* SUPPLIED MATERIAL

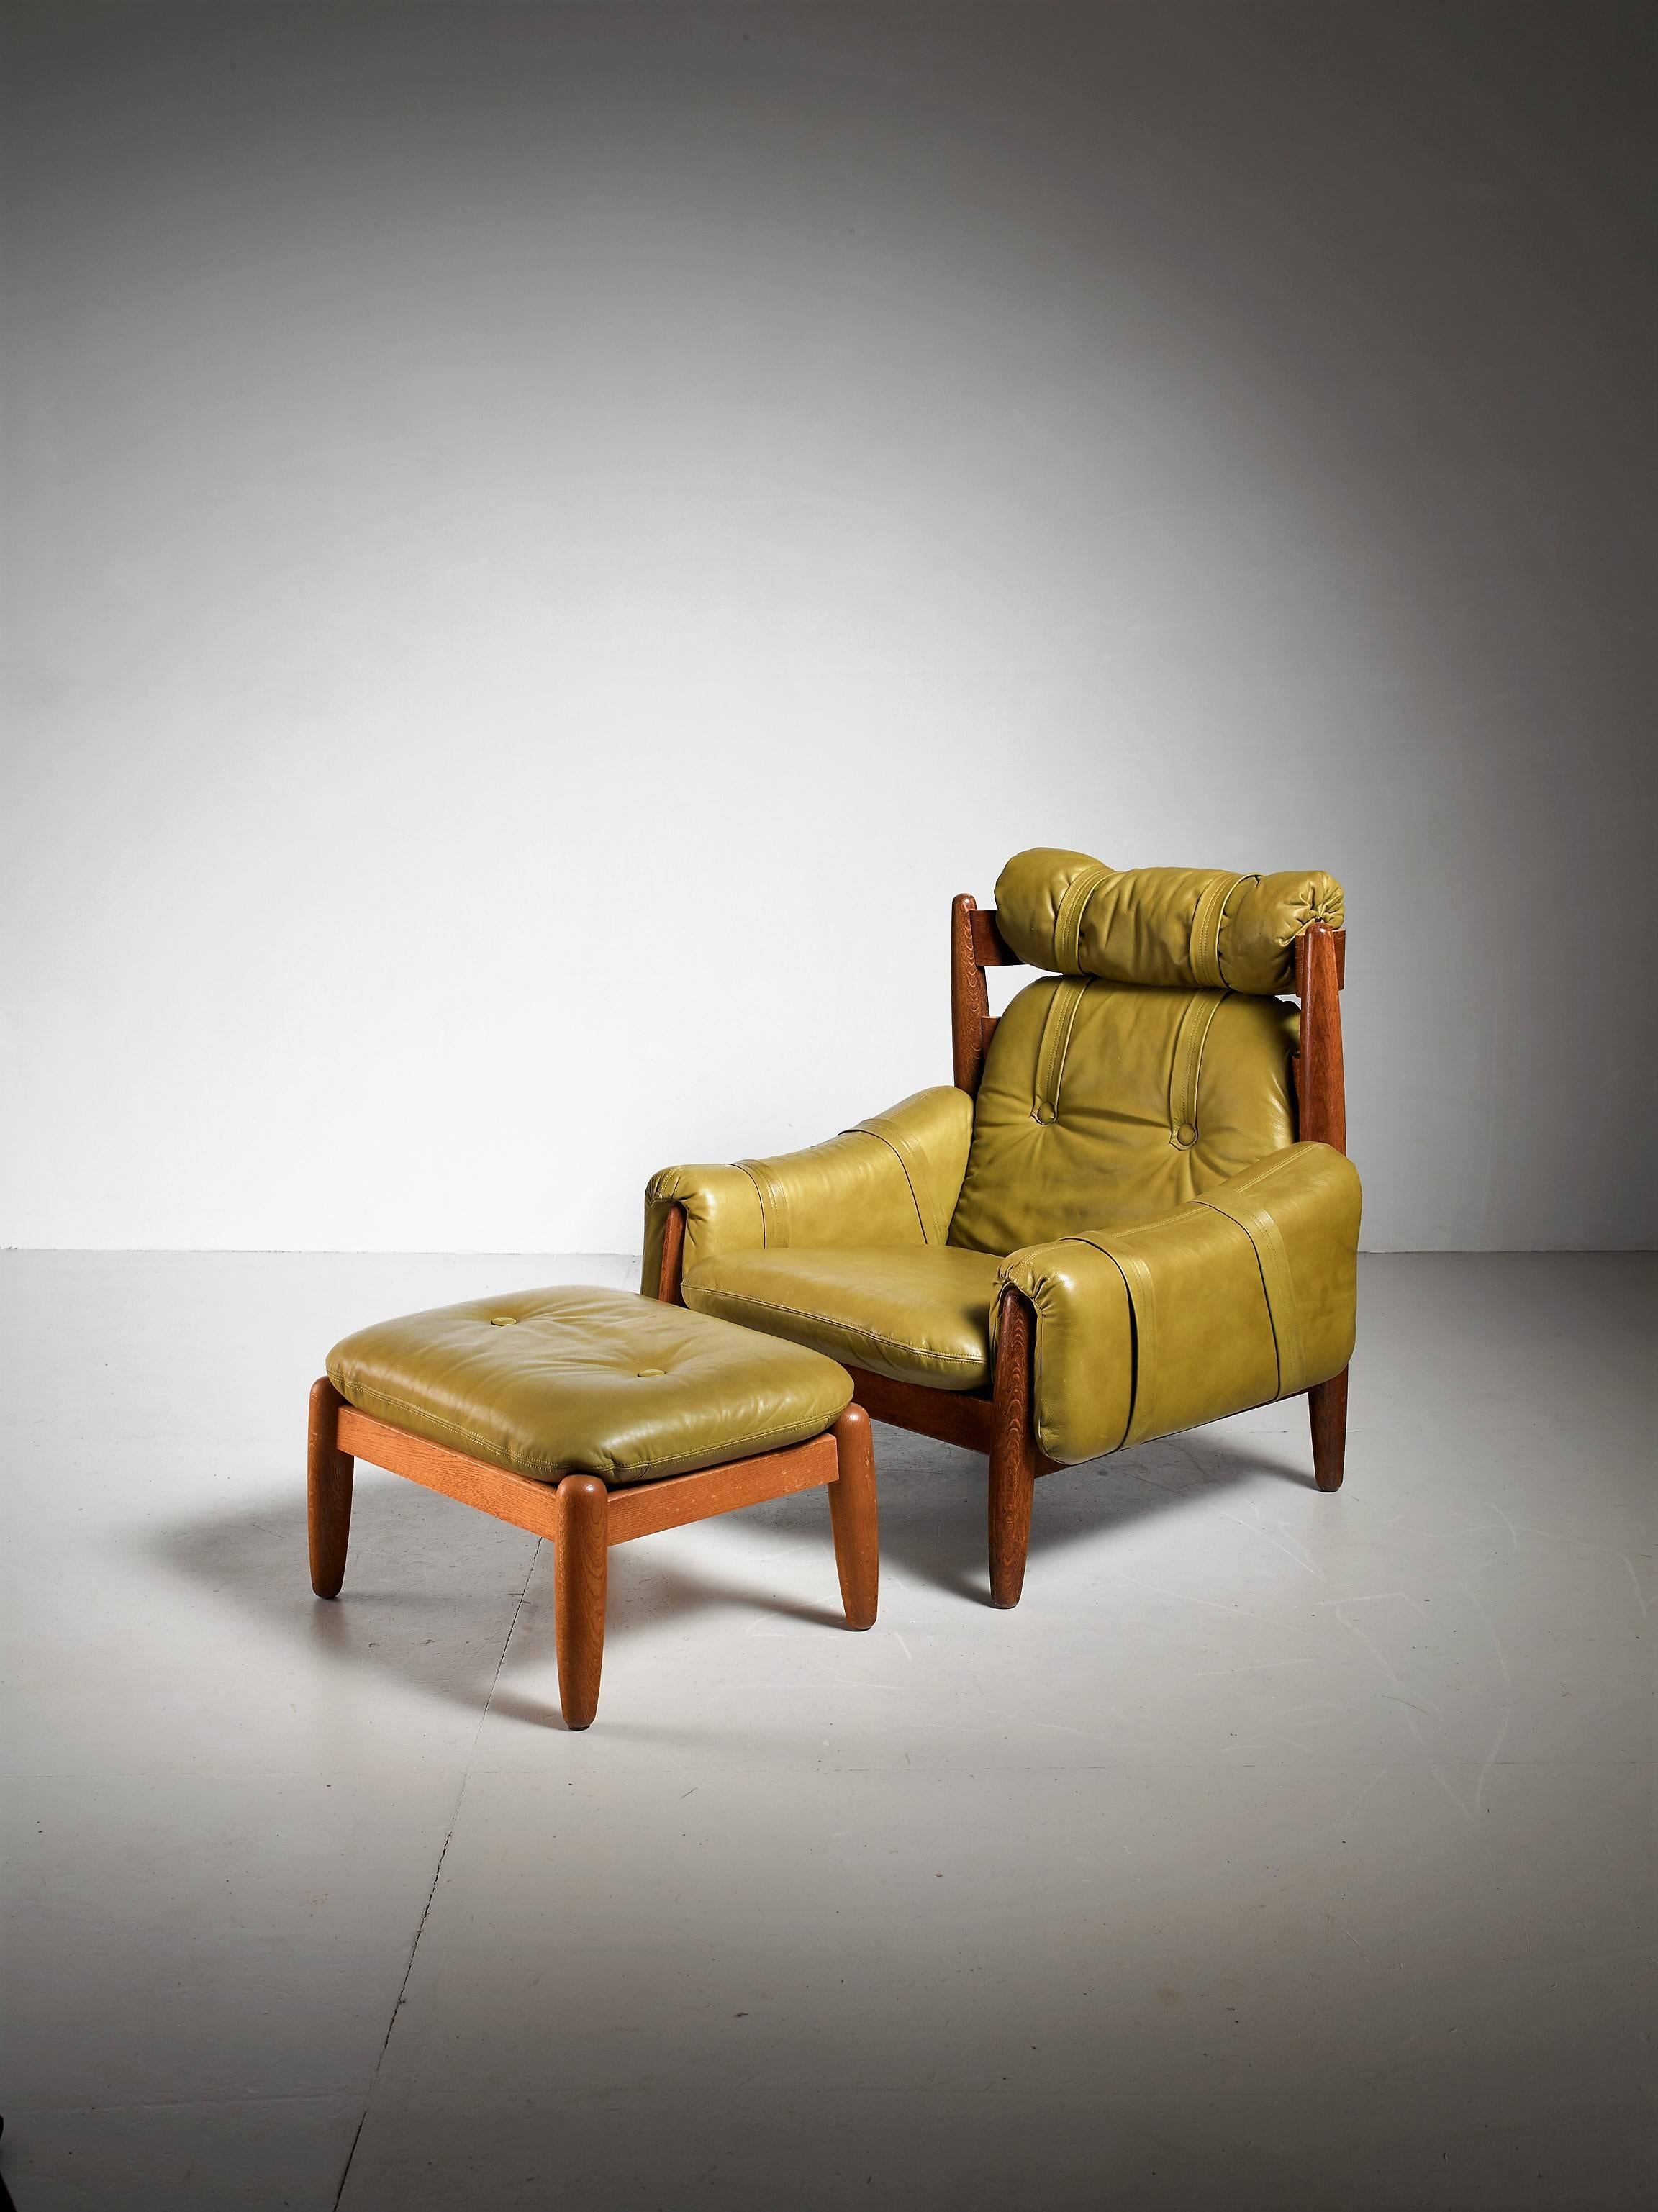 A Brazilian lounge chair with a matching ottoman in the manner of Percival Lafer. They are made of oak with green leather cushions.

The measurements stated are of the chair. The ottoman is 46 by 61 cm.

==

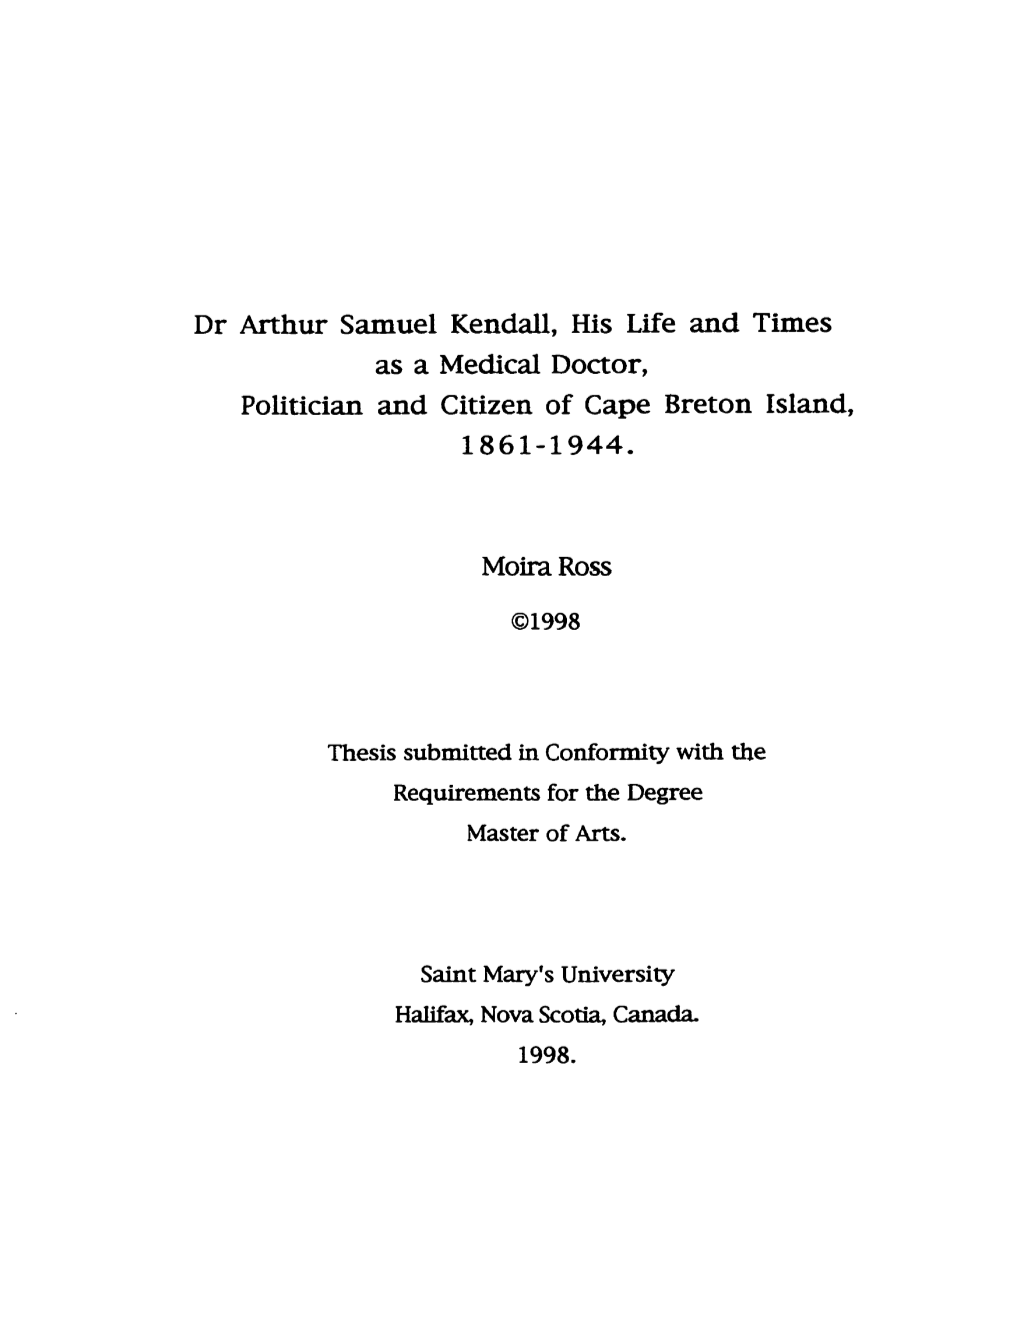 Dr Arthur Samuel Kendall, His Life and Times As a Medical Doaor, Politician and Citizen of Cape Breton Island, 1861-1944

* WHAT NEEDS TO BE DONE
Your answer should be the lines above, word for word, from the line with "A Brazilian lounge" through the line with "The measurements stated", minus the pictures.

* EXPECTED ANSWER
 A Brazilian lounge chair with a matching ottoman in the manner of Percival Lafer. They are made of oak with green leather cushions.

The measurements stated are of the chair. The ottoman is 46 by 61 cm.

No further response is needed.